I don't hate this one per se- I think the 'whoops, Dax might've murdered someone by the standards of Federation law' gets swept under the rug with about the same final two-minute rush as the ends of episodes where they discover God is real or whatever. It feels more like it just has the perennial Trek issue of wanting to be five minutes longer and never being exactly sure whether they want to make any of the changes stick.
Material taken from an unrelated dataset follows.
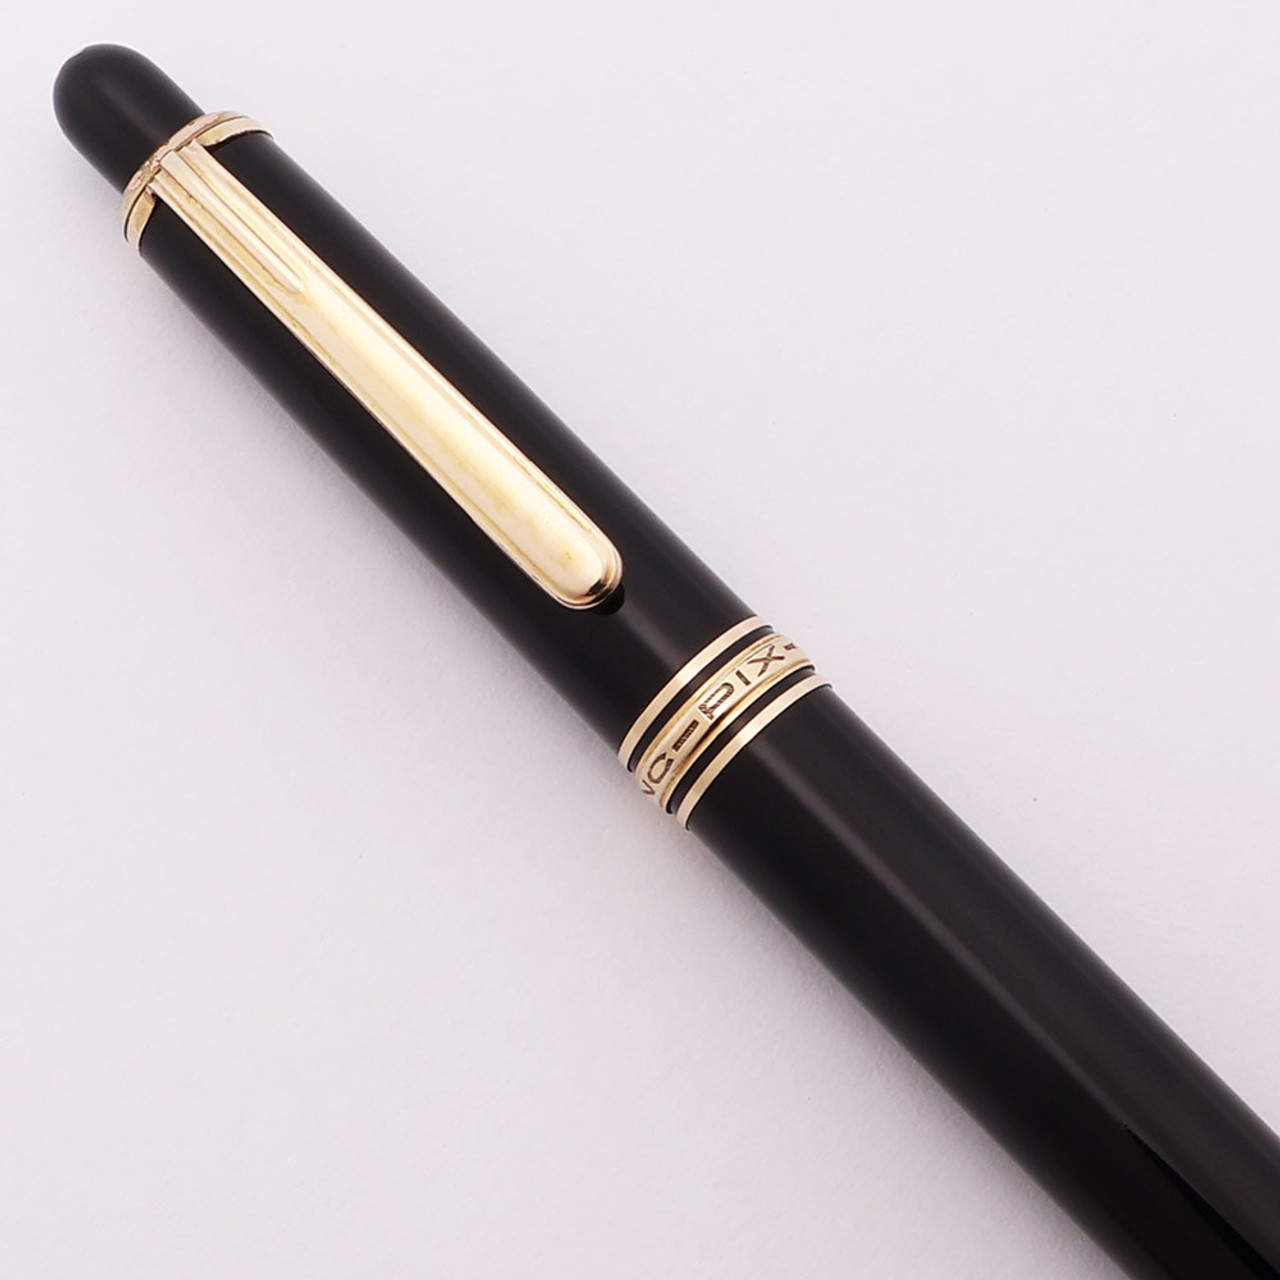 Montblanc Pix 172 Mechanical Pencil - Black with Gold Trim (Excellent, Works Well)

I think it actually does some good work by suggesting that the Klingon/Federation thaw and alliance actually involved Klingons and Feds *liking each other and getting along*, which is honestly really thin on the ground in TNG outside of Worf. K'mpec ropes Picard into stuff he doesn't want to do, Duras is a villain, Gowron is axe-crazy, Kurn is irritated and baffled by Starfleet and is there under false pretenses anyways, the Duras sisters end up blowing up the ship, some renegades try to hijack the ship in 'Heart of Glory,' there's a whole village of difficult self-defeating Klingons in 'Birthright', the Klingon governor Picard swears at is clearly looking for trouble, etc....
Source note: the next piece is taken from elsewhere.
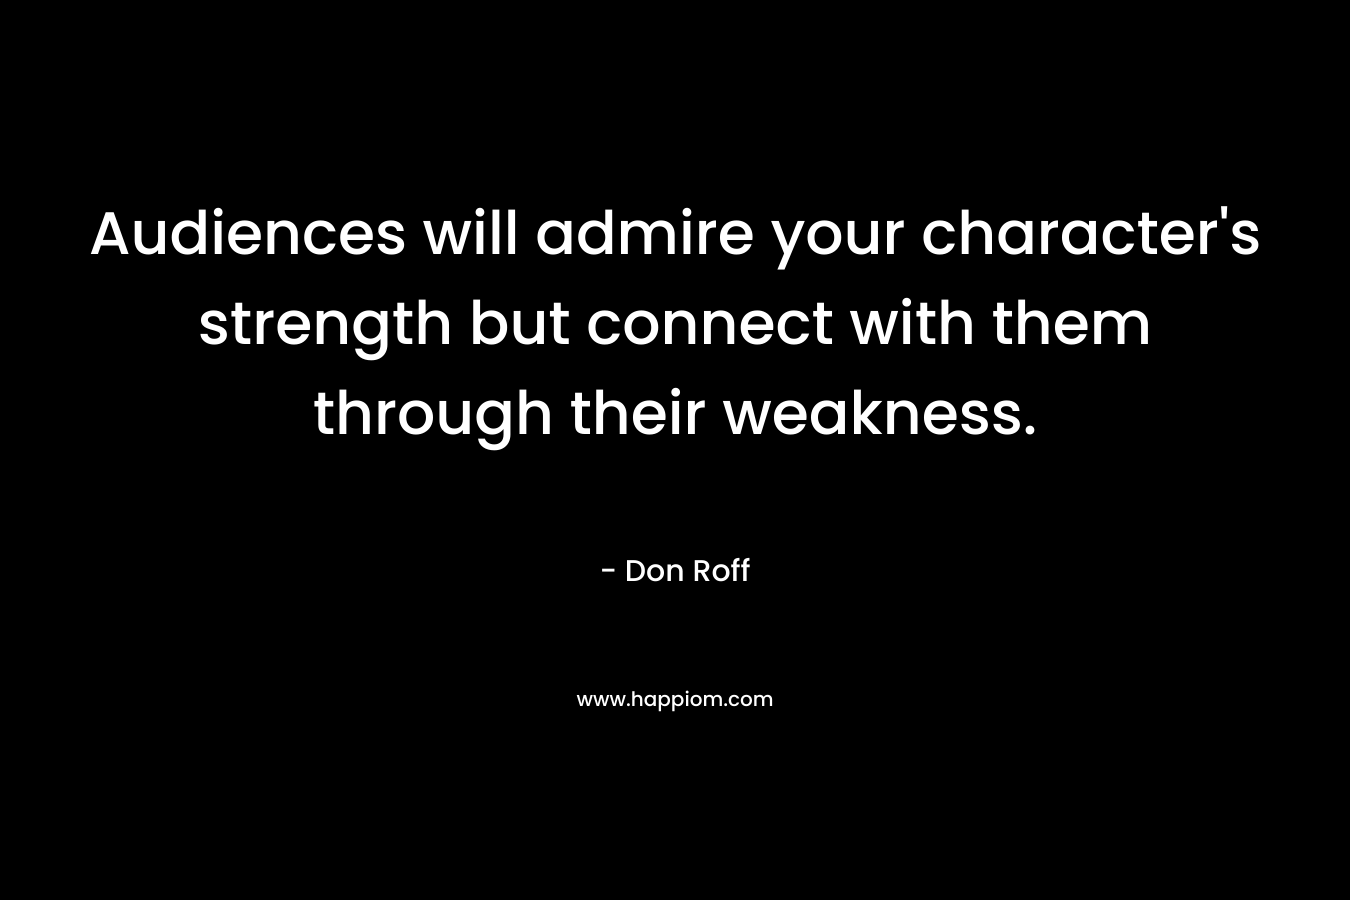 Audiences will admire your character's strength but connect with them through their weakness.

So for there to be three Klingons dating from when they were straightforwardly antagonistic (and not...whatever the hell was happening in TNG) that came to trust and love a Federation personage as family, and for that to endure across decades, at least feels like a gesture towards there actually being something besides some geopolitical abstraction backing up the alliance. Even come Voyager when the EMH's holographic son adopting Klingon styling is viewed as being a 'bad kid', it's rare that they can quite get to suggesting that Klingons are just okay people to know- but DS9 occasionally does better (see Martok, Grilka, the guy at the deli, everyone in 'Soldiers of the Empire') and this seems the start of that.
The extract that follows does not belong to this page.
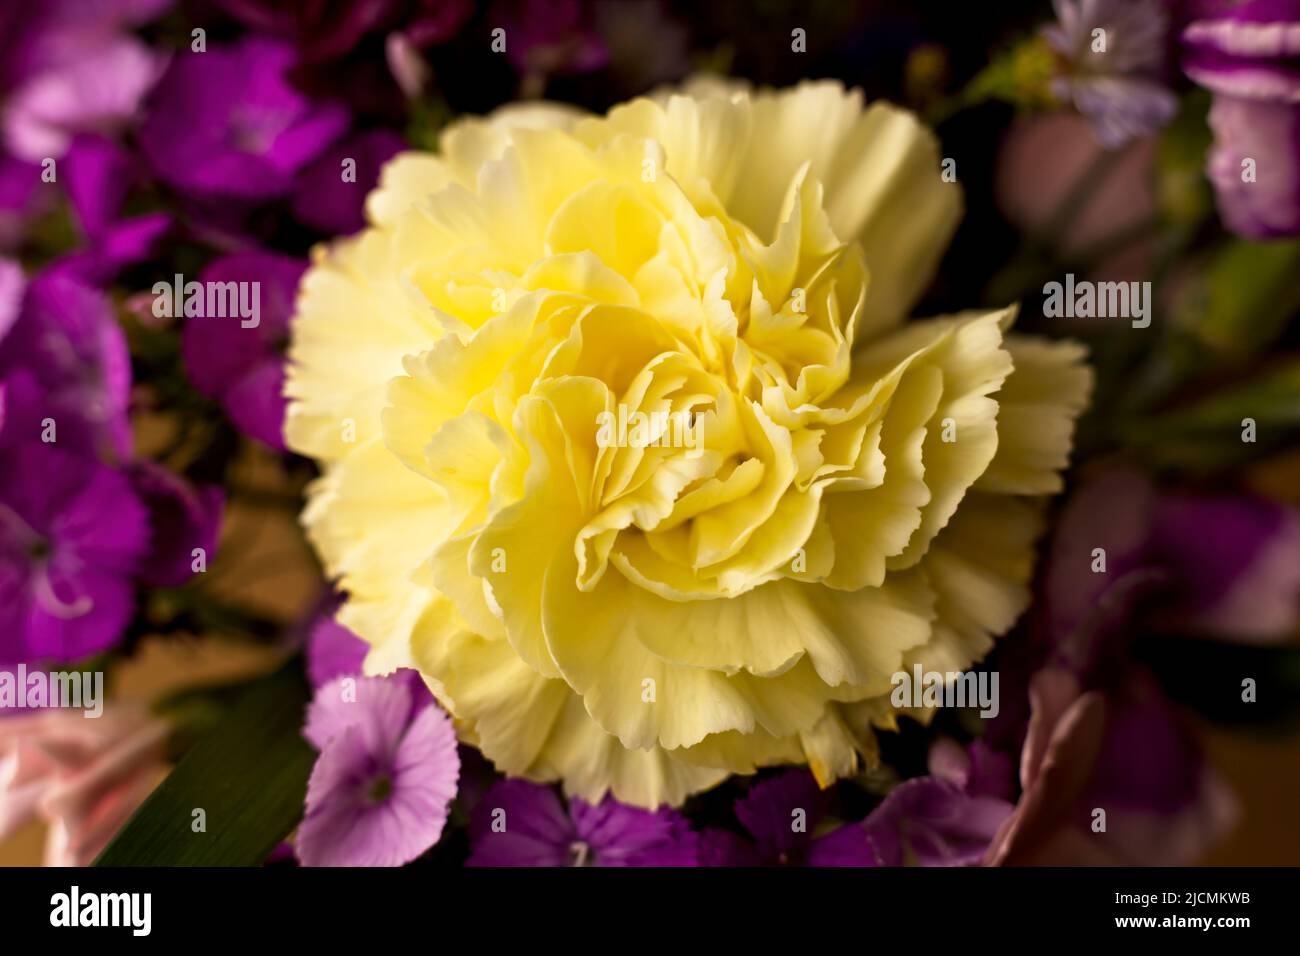 A close up photo of a bright yellow carnation standing out from purple a purple flower background. Stock Photo

Kang and Koloth are whatevers, but I've always really liked that Kor is still playing a TOS Klingon and that accounts for his being a fish out of water as clearly as his age and his drinking. When he first meets Worf and basically throws the entire Klingon honor apparatus under the bus, grinning all the while, we see a crafty version of the Klingons that were almost entirely supplanted by their Shakespearean blood-and-thunder descendants.